Larotrectinib achieved a very impressive objective response rate by investigator assessment; it was 80%. And by central radiologic confirmation, it was 75%. I’d like to underscore the fact that these were responses across different solid tumor types, so it wasn’t limited to 1 histology as we classically see in other clinical trials. These responses were durable, and the median duration of response has not yet been reached as of the last data cutoff. Certainly, many of these patients remain on a therapy several years after they’ve initiated treatment with larotrectinib.

The interesting results from this dataset showed that there was tumor agnostic activity of larotrectinib, meaning it didn’t matter what your cancer looked like under the microscope. As long as your cancer harbors a TRK fusion, you have a proclivity for response to larotrectinib. If you look up the waterfall plot of best objective response to larotrectinib, you’ll see that there were many different tumor types that harbor these fusions but responded nicely to treatment. So, there was no difference based on tumor type.

David S. Hong, MD: Larotrectinib, relative to many of the other small molecule kinases, has shown to be incredibly safe and well tolerated. The most common side effect we’ve seen so far is some increase in the AST (aspartate aminotransferase) and ALT (alanine aminotransferase), fatigue, and some dizziness. Oftentimes, this dizziness actually improves over time while the patients are on study. As the durability data have shown, very few patients have actually come off because of toxicity. The efficacy to date has been fairly remarkable in the sense that not only are these patients responding, those who have NTRK fusions, but the durability of patients on the study has been remarkable, for even a small molecule inhibitor. The longest patient so far, as of the cutoff date of March of 2017, was almost 27 months on study.

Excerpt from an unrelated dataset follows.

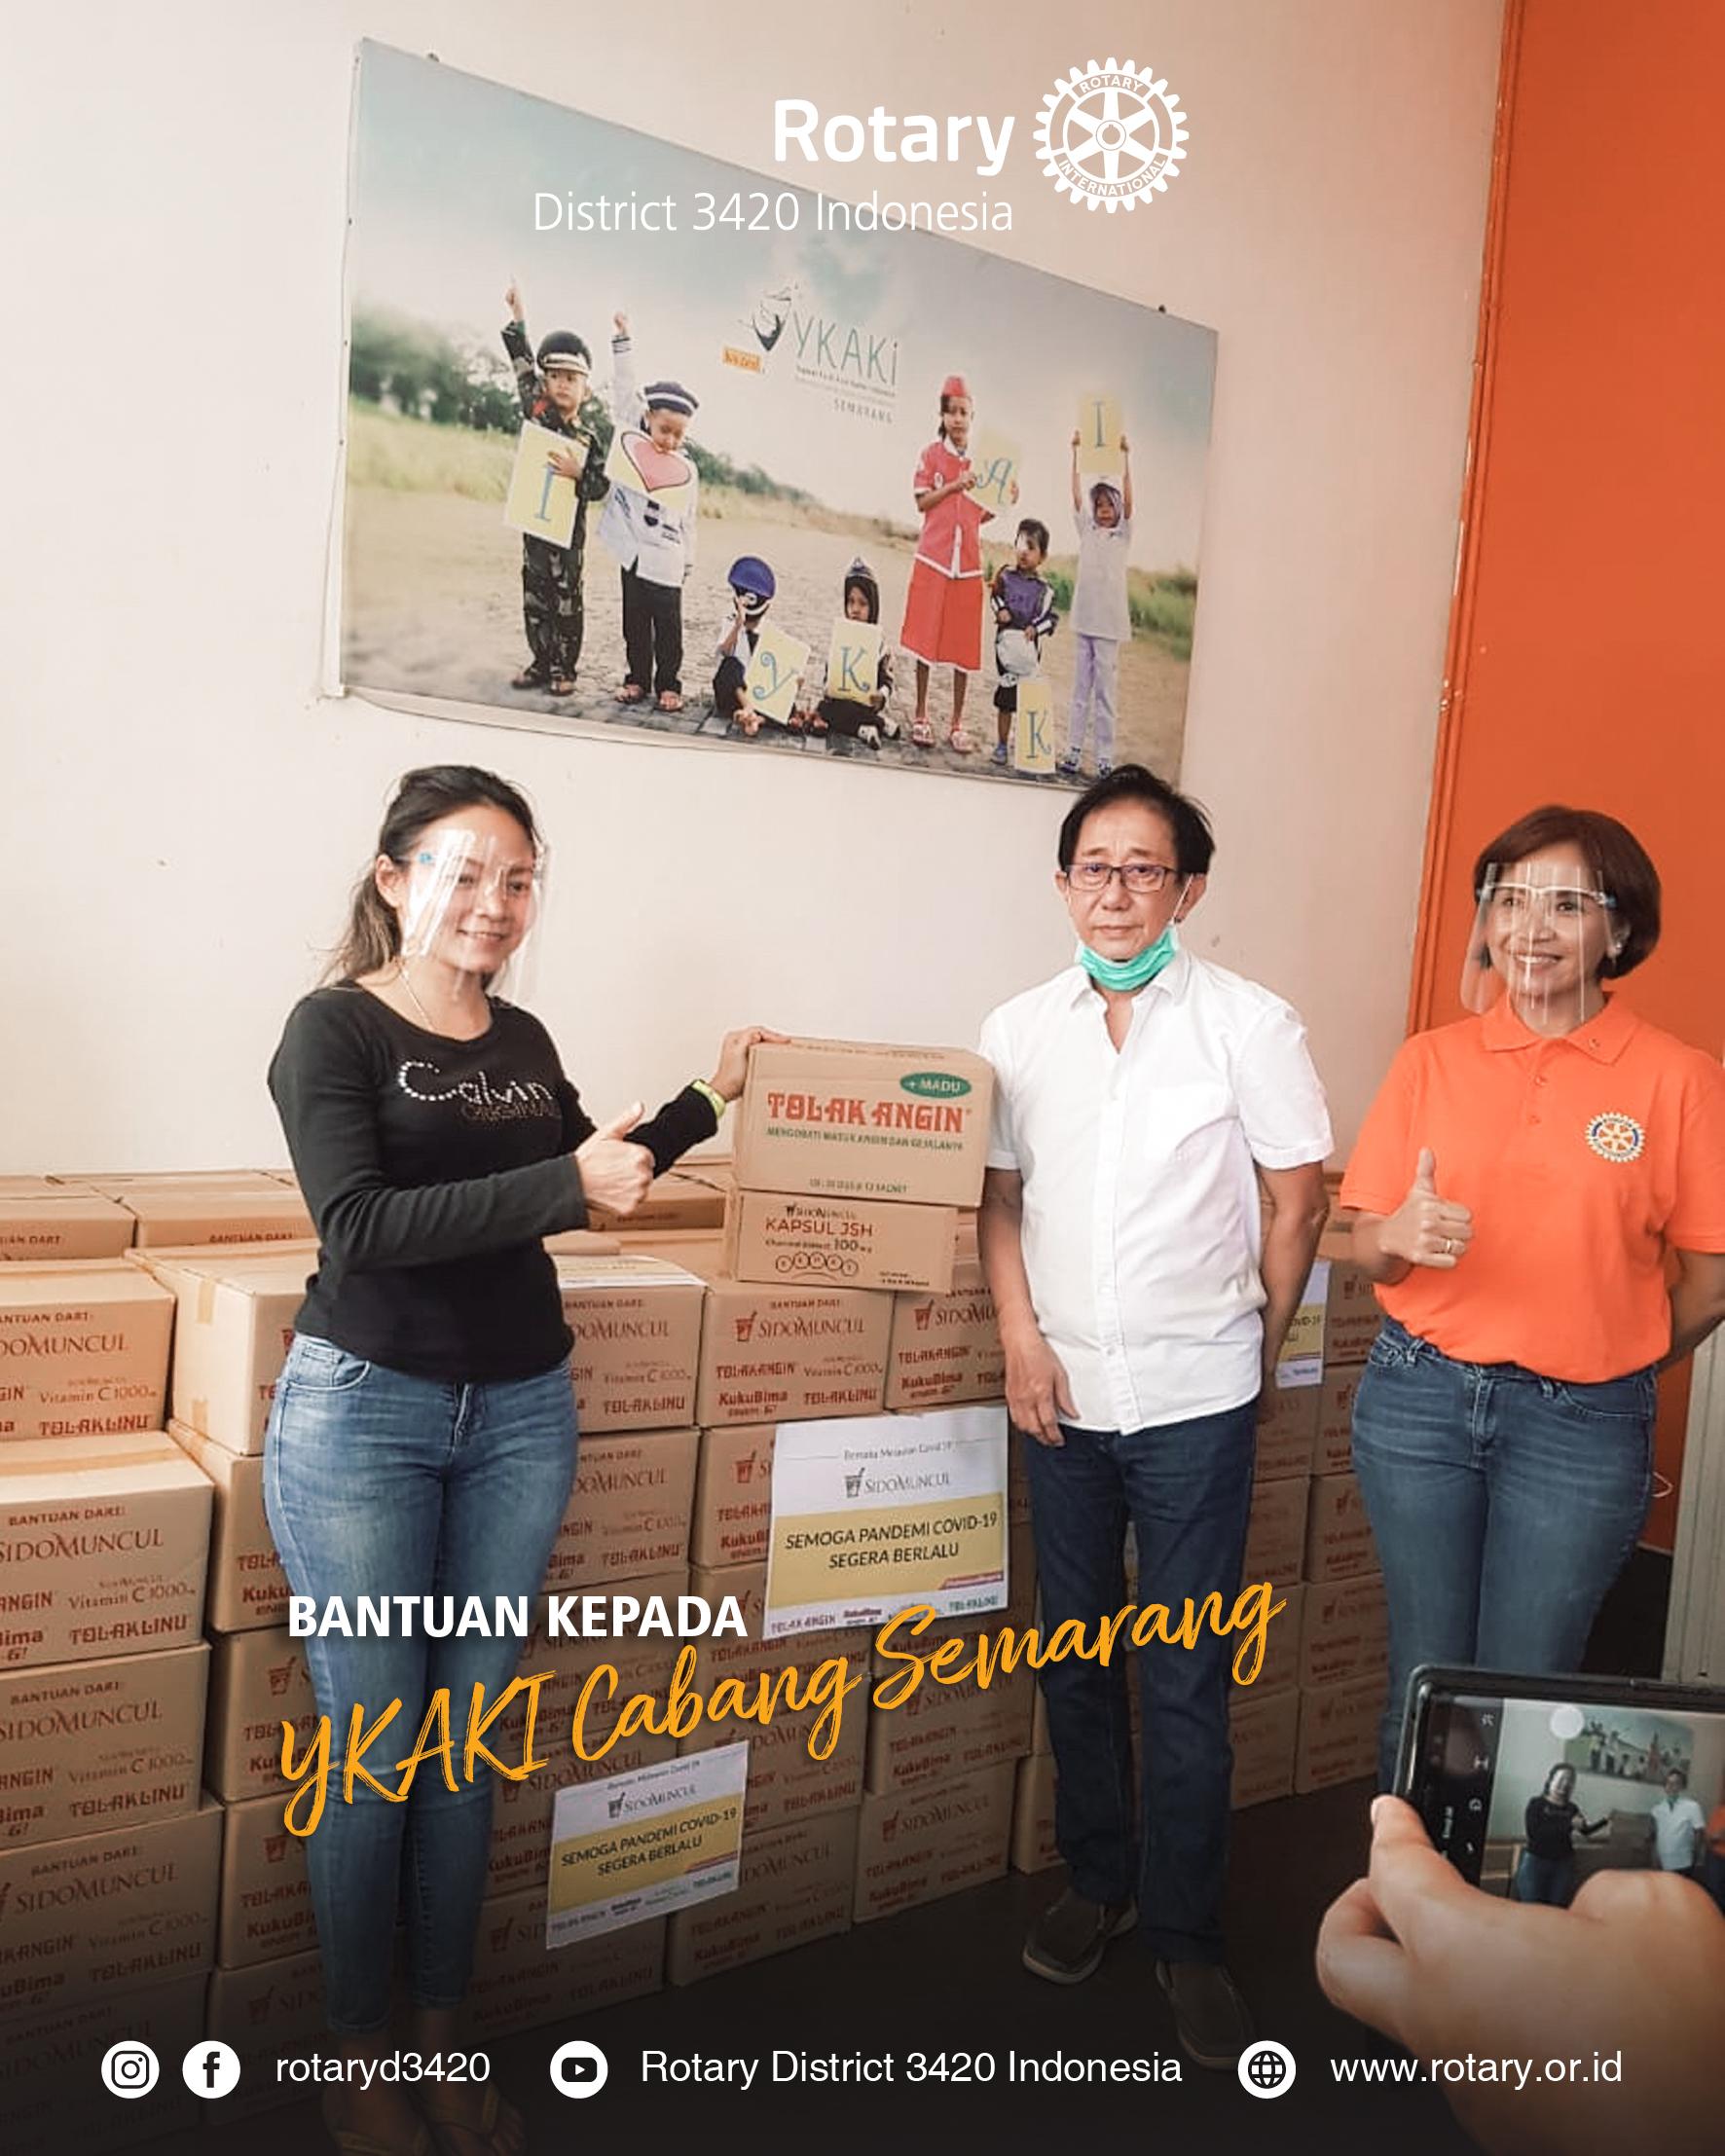 Bantuan Kepada YKAKI cabang Semarang
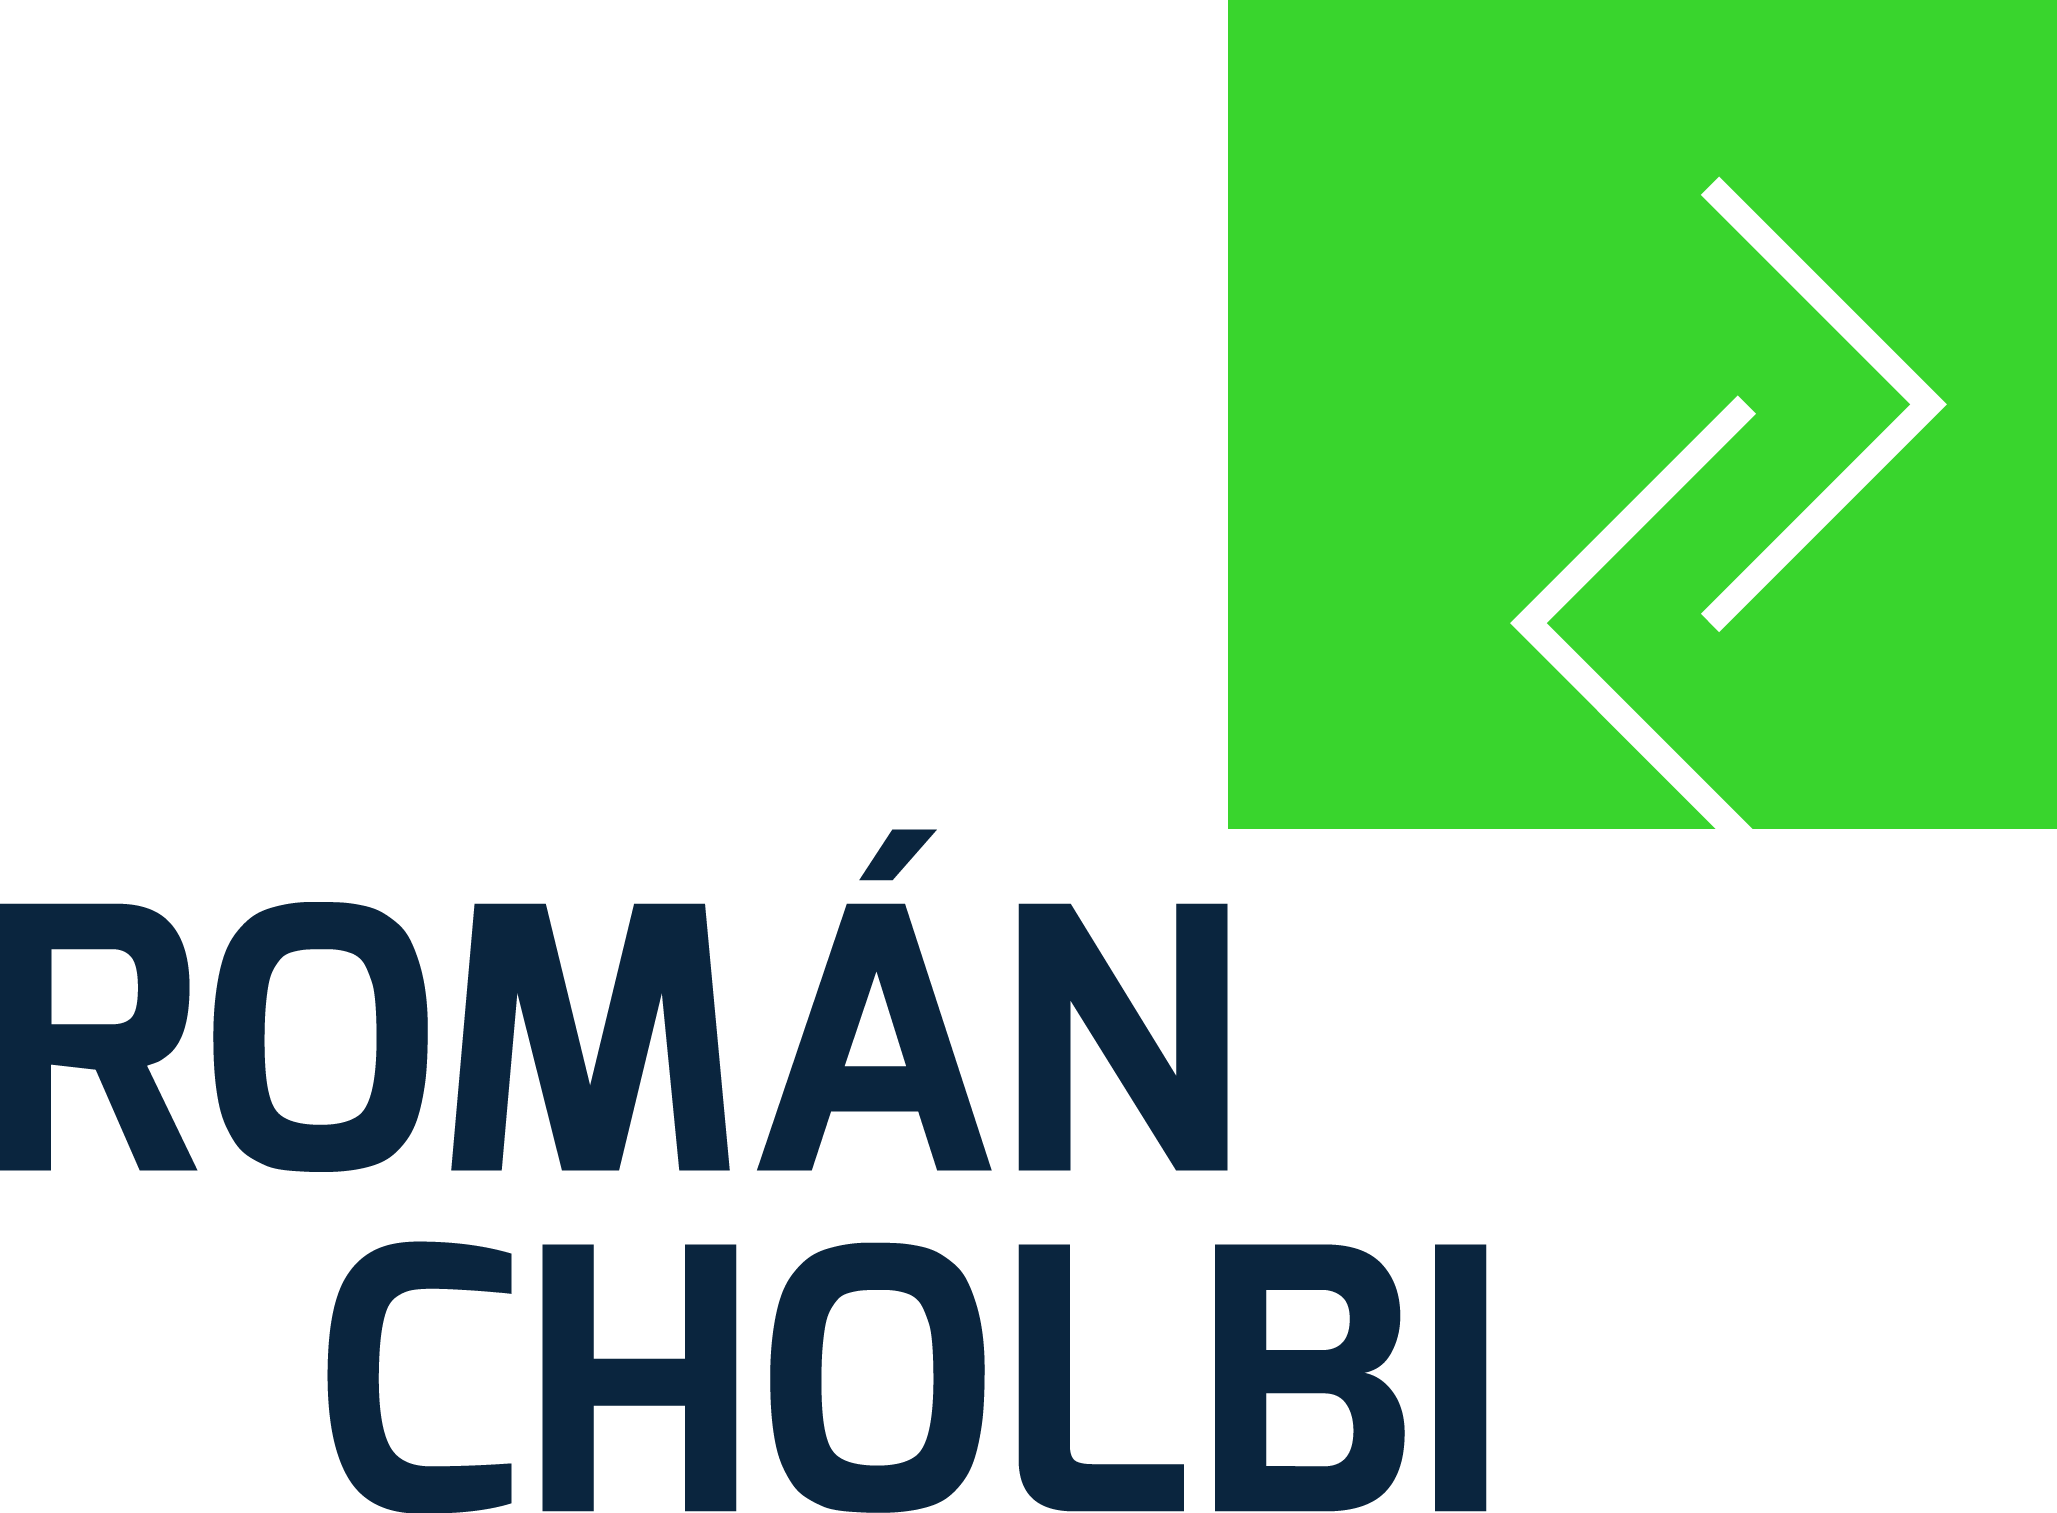 Román Cholbi

David Hyman, MD: One of the distinguishing characteristics of the patients that were treated in the larotrectinib program was that this was a population of patients who were refractory, had become refractory to standard-of-care agents for their particular diseases. So, this is a question we get a lot, and we know that larotrectinib was able to generate this robust efficacy in patients who had relapsed on available therapy or for whom there were no standard therapies available based on their tumor type.